# [Given data]
--

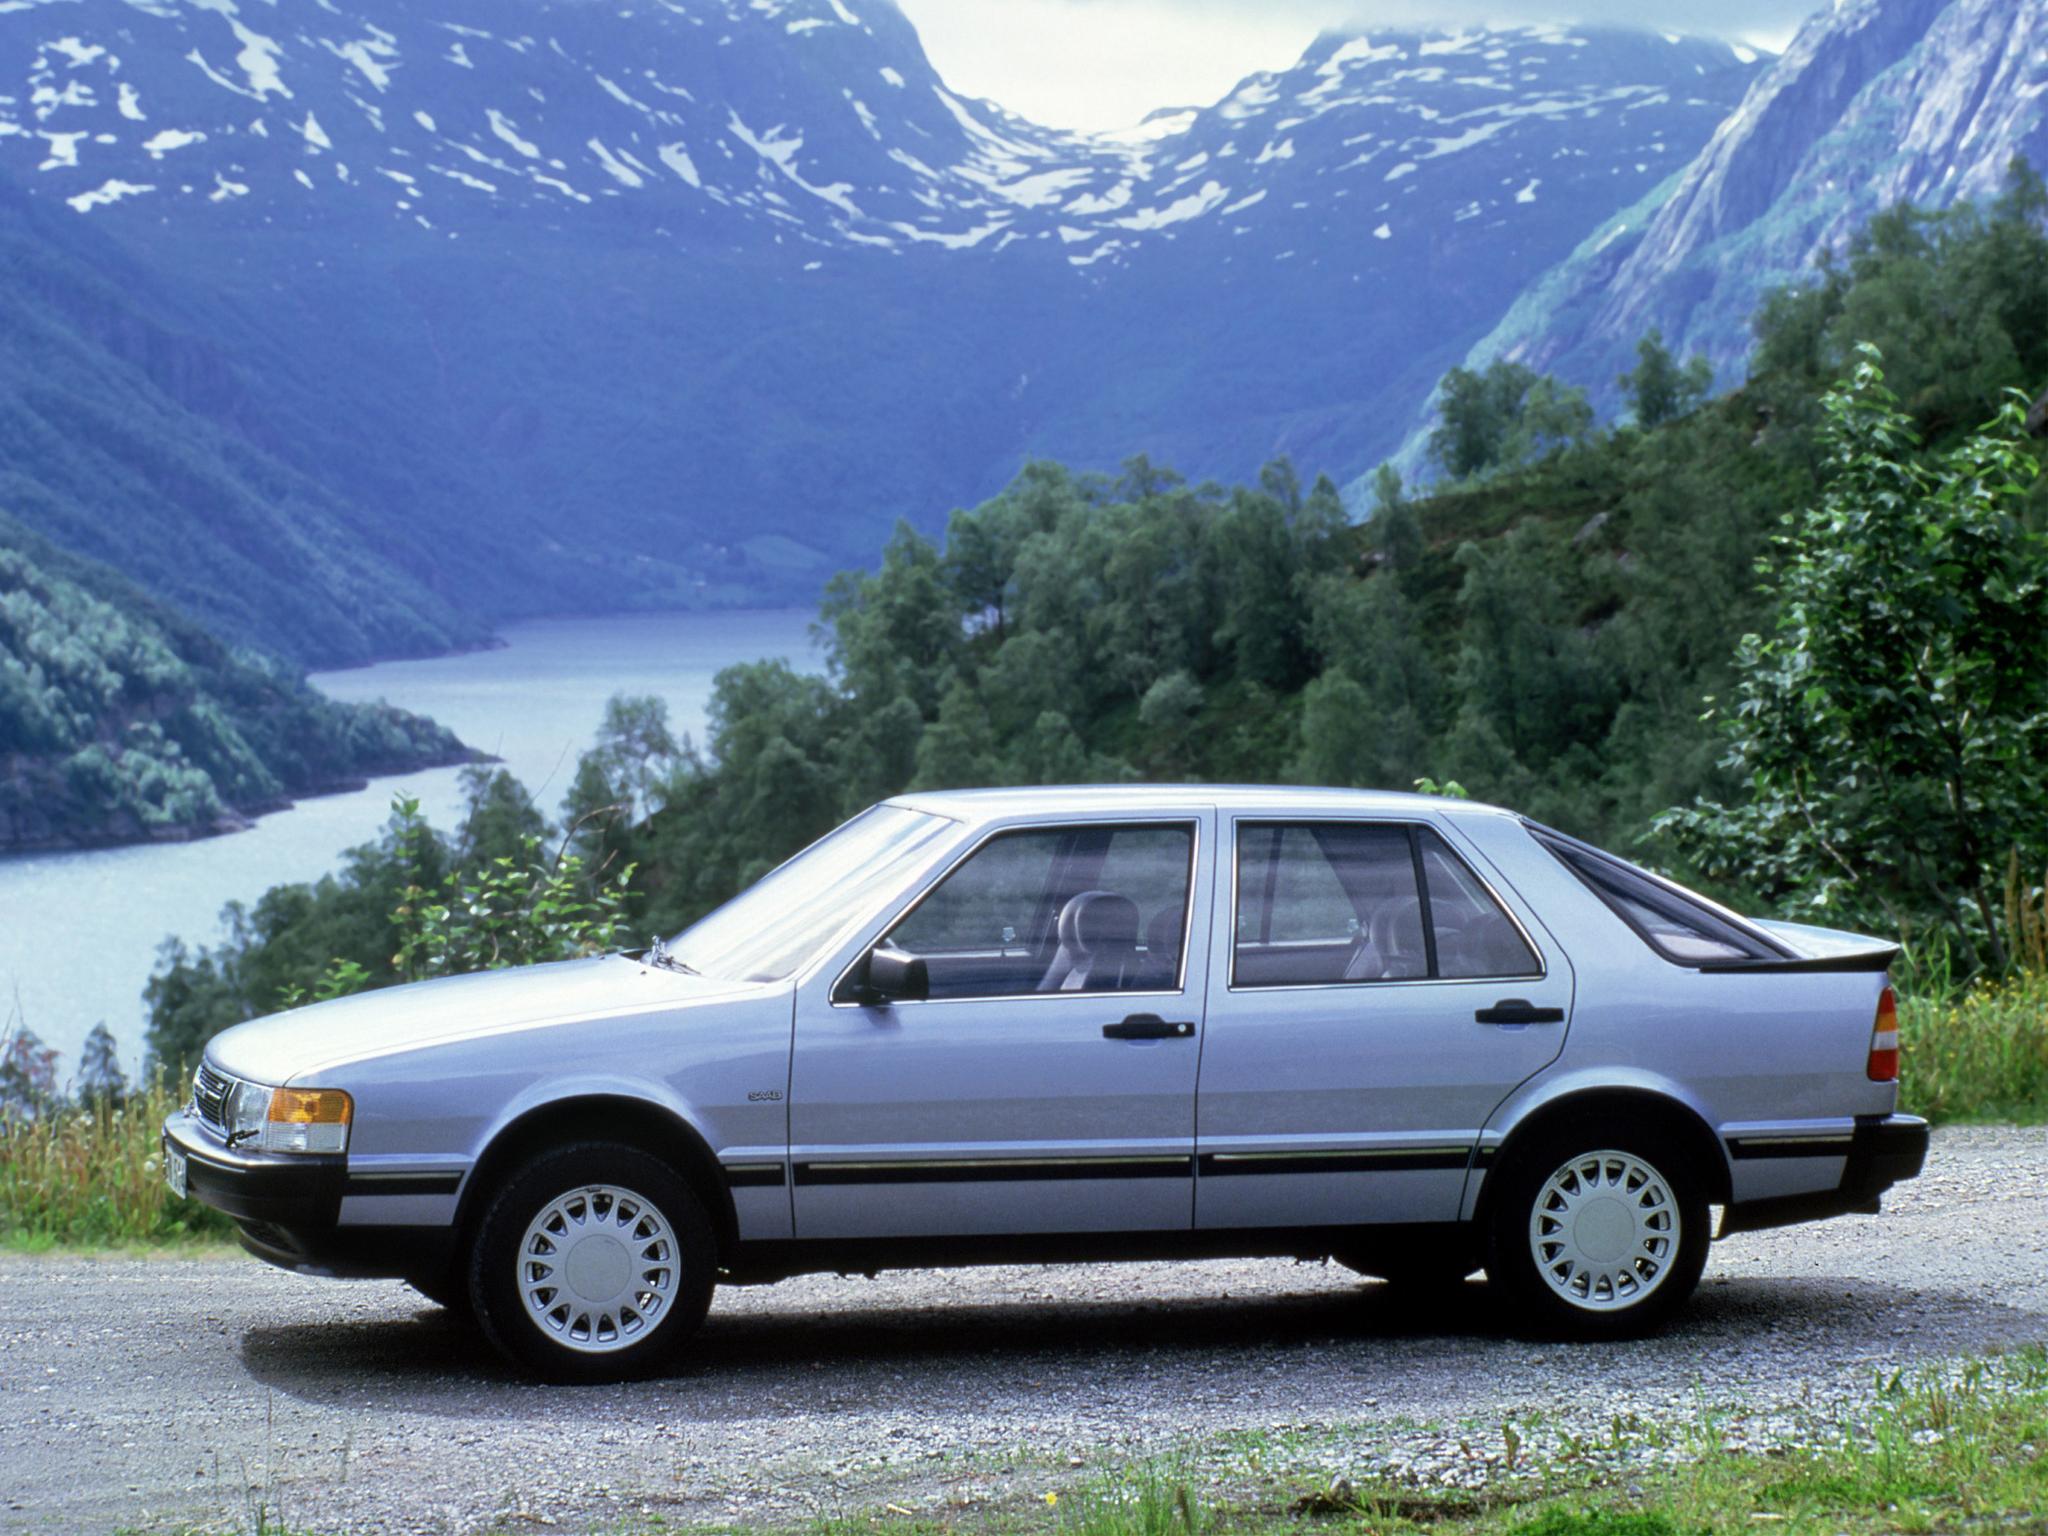 Derivado de Fiat Croma e Alfa 164, o Saab 9000 tinha personalidade
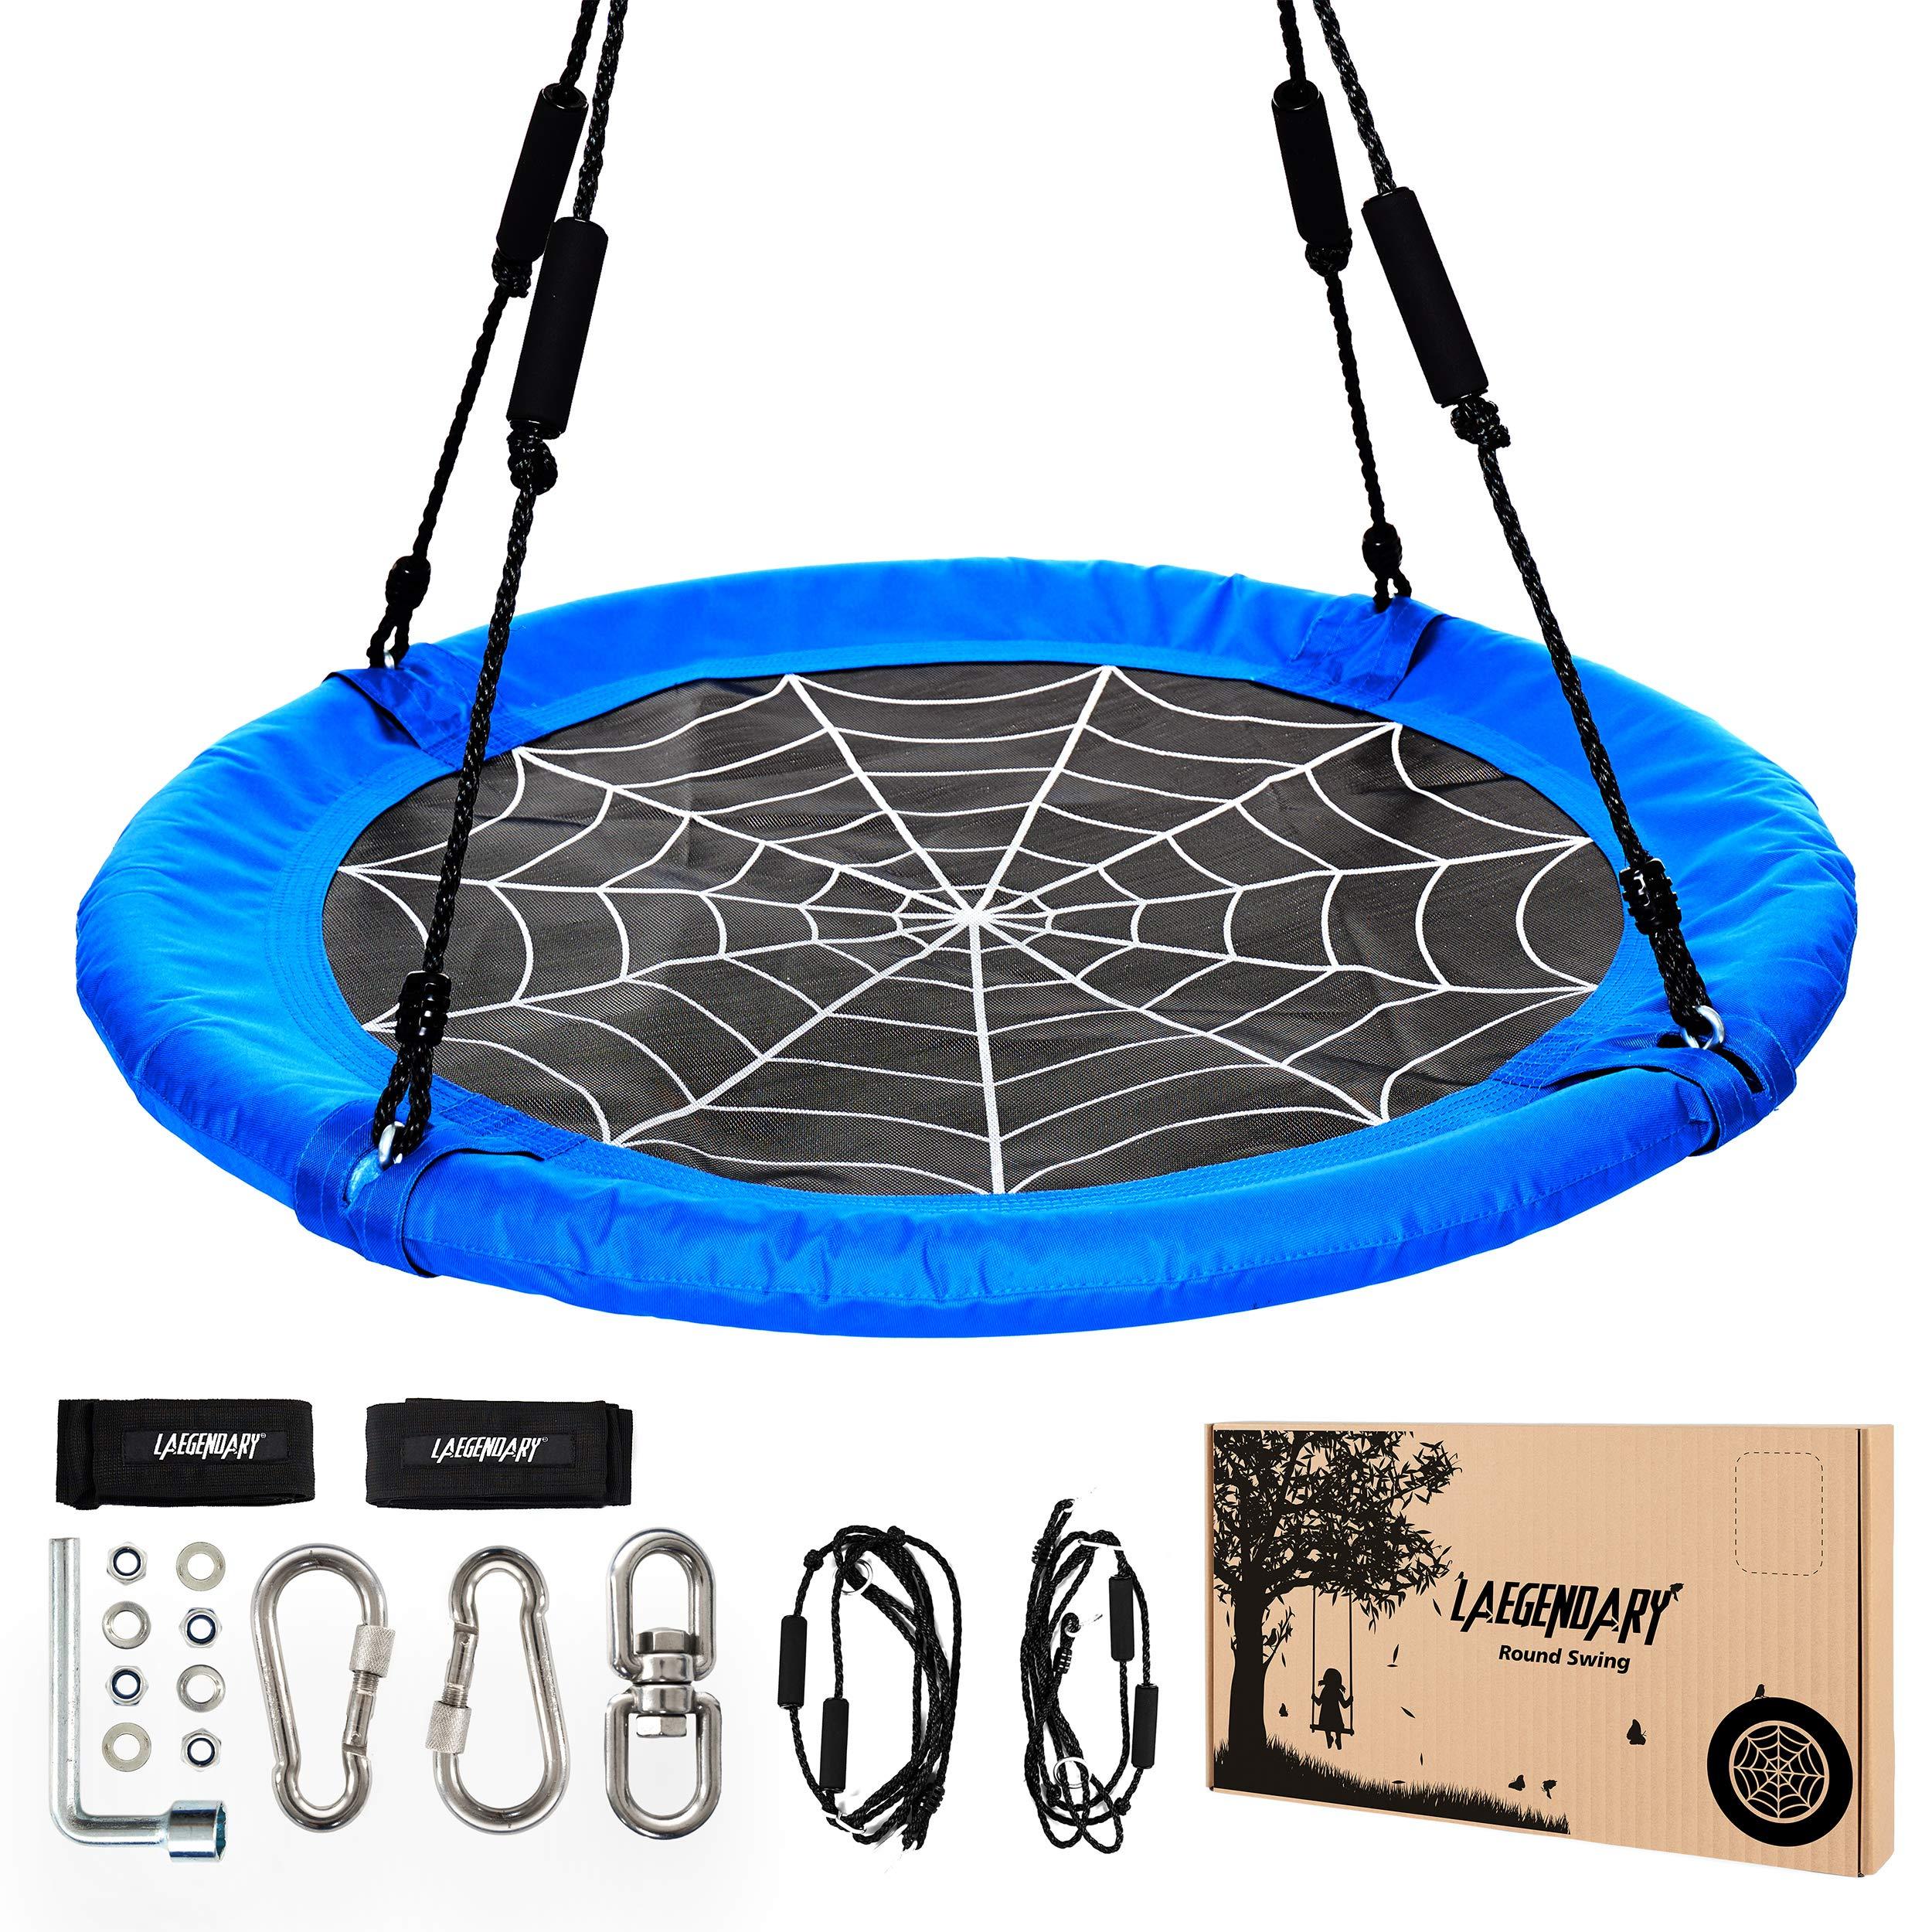 450 Pounds Sensory Web Tire Swings Durable Frame 40 Inch Flying Saucer Tree Swing for Kids 2 Carabiners 1 Swivel Waterproof Yard Swings Set Round Indoor Outdoor Swingset Toys 2 Tree Straps
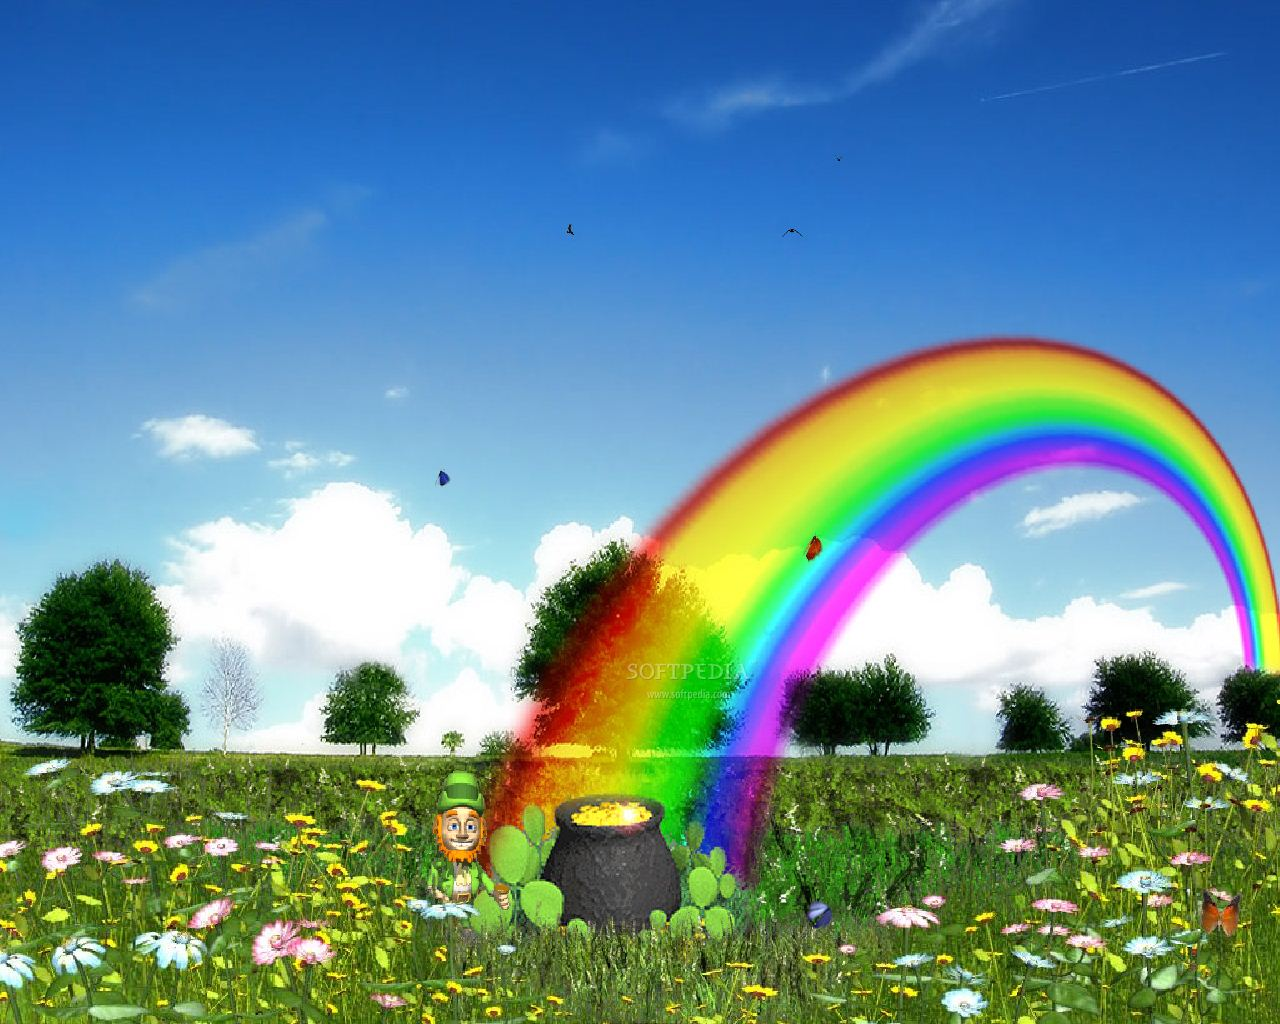 http://3.bp.blogspot.com/_vzcN_7MTUlY/THbfiJxCqcI/AAAAAAAAFv8/f98Y2FtgJEs/s1600/Irish-Spring-Animated-Wallpaper_1.jpg

--

# [Task description]
Without the pictures, transcribe the listing exactly as it stands.

# [Reply to the exercise]
 Derivado de Fiat Croma e Alfa 164, o Saab 9000 tinha personalidade
 450 Pounds Sensory Web Tire Swings Durable Frame 40 Inch Flying Saucer Tree Swing for Kids 2 Carabiners 1 Swivel Waterproof Yard Swings Set Round Indoor Outdoor Swingset Toys 2 Tree Straps
 http://3.bp.blogspot.com/_vzcN_7MTUlY/THbfiJxCqcI/AAAAAAAAFv8/f98Y2FtgJEs/s1600/Irish-Spring-Animated-Wallpaper_1.jpg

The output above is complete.